BBy also currently only works with hospitals, while several other startups primarily cater to consumers. Milkify, for instance, sends parents an at-home kit that comes with a pharma-grade insulated cooler. Processing around five weeks worth of breast milk costs around $475, or $1.60 per ounce. According to the company, some of its customers were able to get their employers to pay for the service.
Between breast milk and formula
Freeze drying is a good option for preserving nutrients, but can diminish breast milk yield by 20% to 30% if it is done in bulk and the temperature conditions aren’t regulated.

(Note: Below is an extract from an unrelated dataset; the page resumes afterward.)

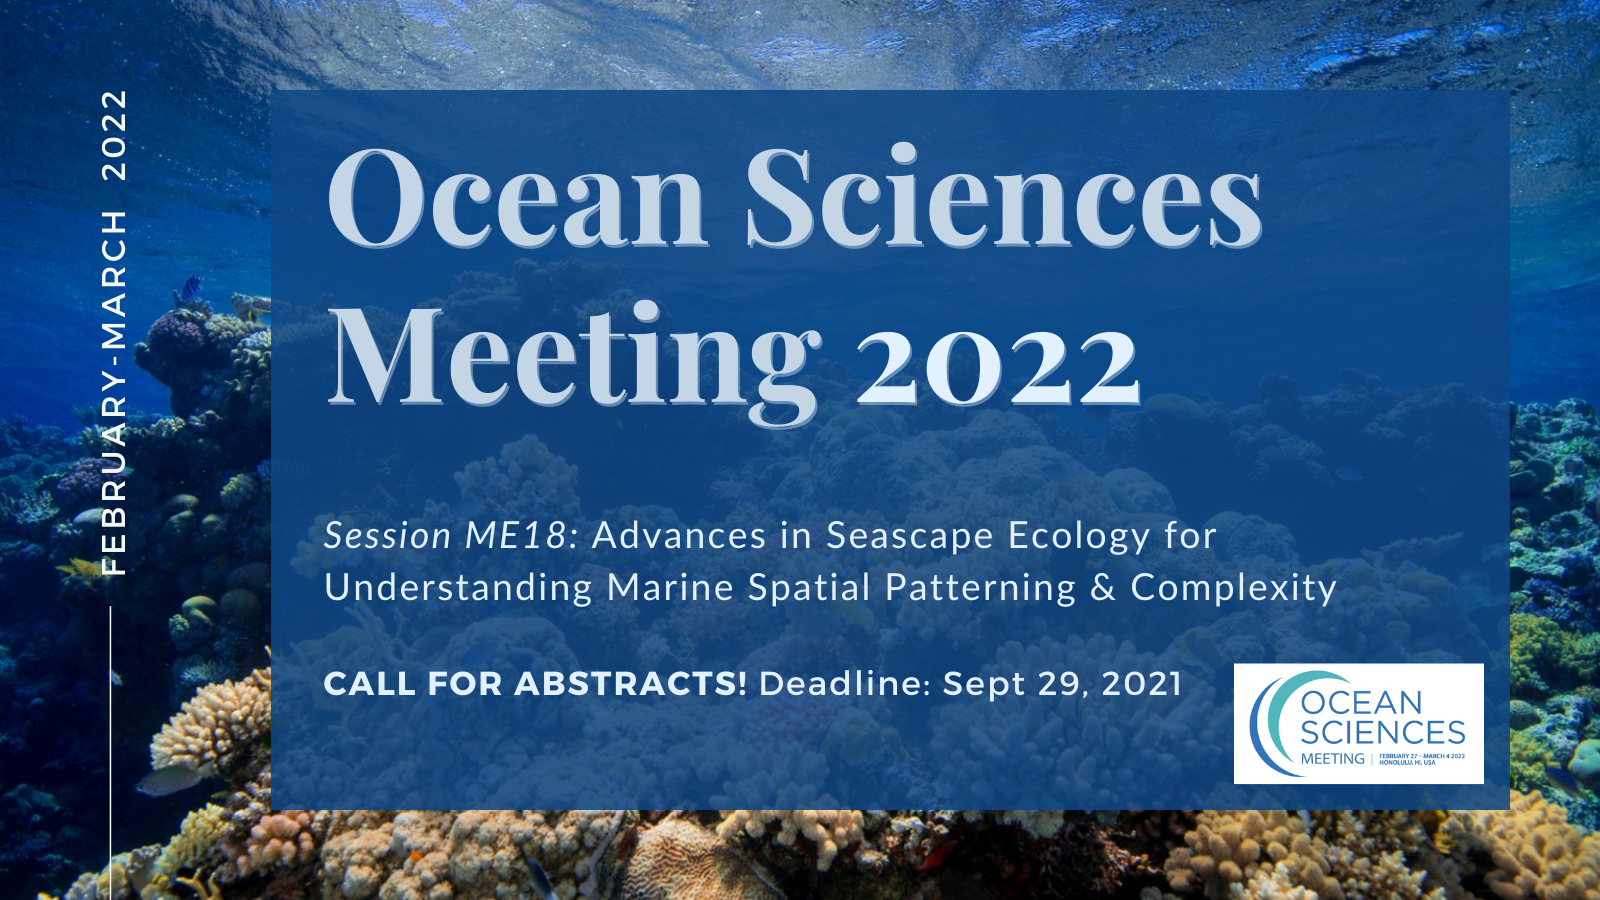 Exploring Advances in Seascape Ecology at the 2022 Ocean Sciences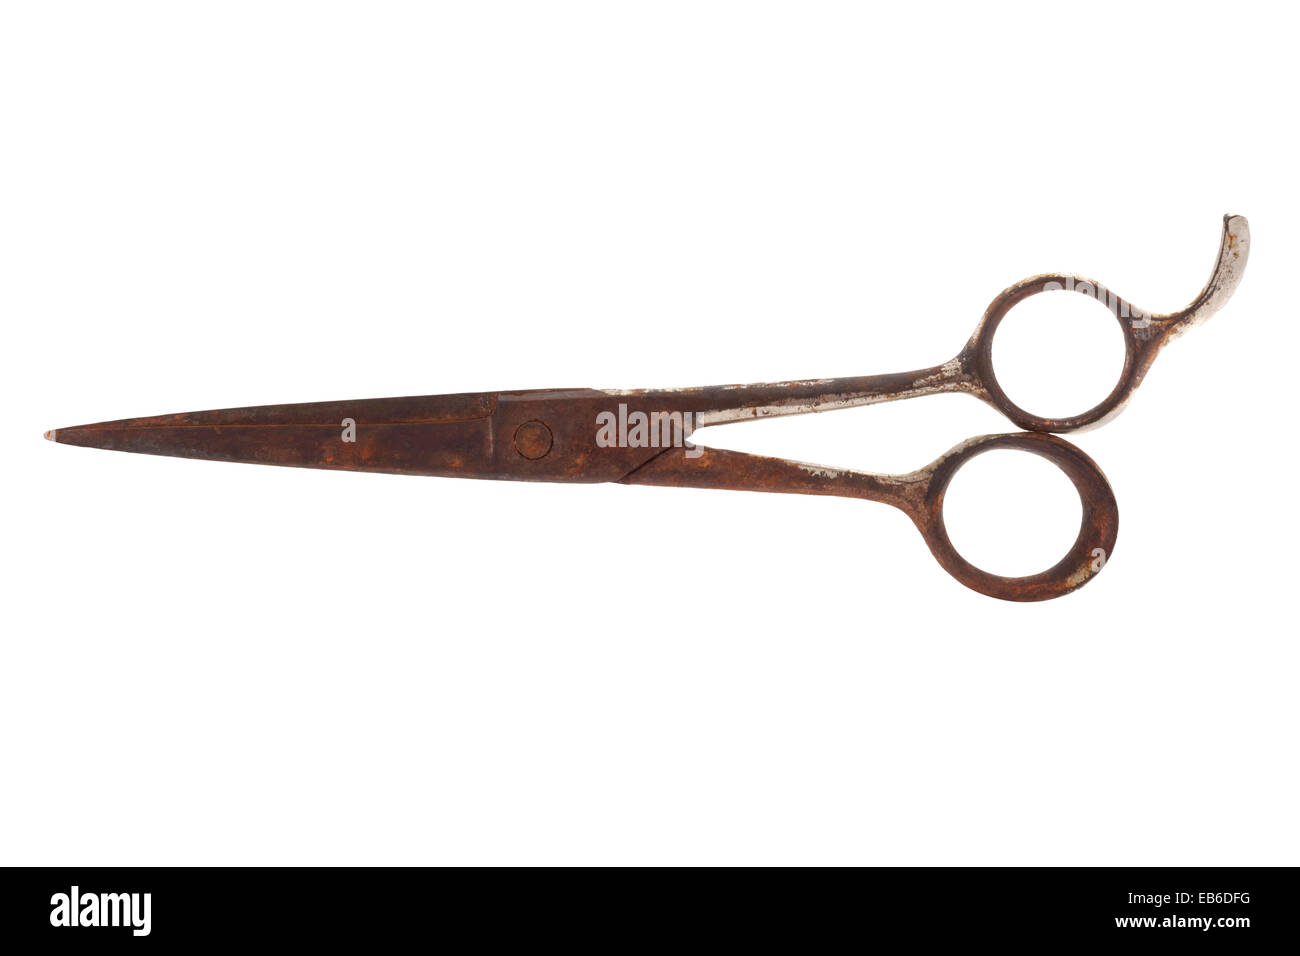 Old rusty hairdressing scissors on white background Stock Photo

Freeze drying is often used by direct-to-consumer startups, but can be an expensive endeavor for hospitals. To be clear: freeze drying isn’t bad, it’s just better in certain circumstances.
“No [parent] is going to come to you with a couple thousand ounces of milk at a time,” Langer said. “And if they do, I mean, they are super rich and that’s very rare.”
But the process can be cheaper if more people use that service. BBy itself is working on a self-service kiosk that sits inside hospitals that parents can use to condense their own breast milk.
Powdered breast milk has its promises. The process of shipping and storing liquid breast milk is expensive — it needs to be shipped quickly and in a cold environment. It’s bulky and needs to be stored in freezers. There’s a labor cost here too: Nurses have to spend valuable time babysitting bags of defrosted milk for infants to make sure they don’t curdle.
“Labor hours are completely wasted every day, highly skilled labor that’s essentially watching a water bath to make sure that the milk doesn’t curdle,” Langer said.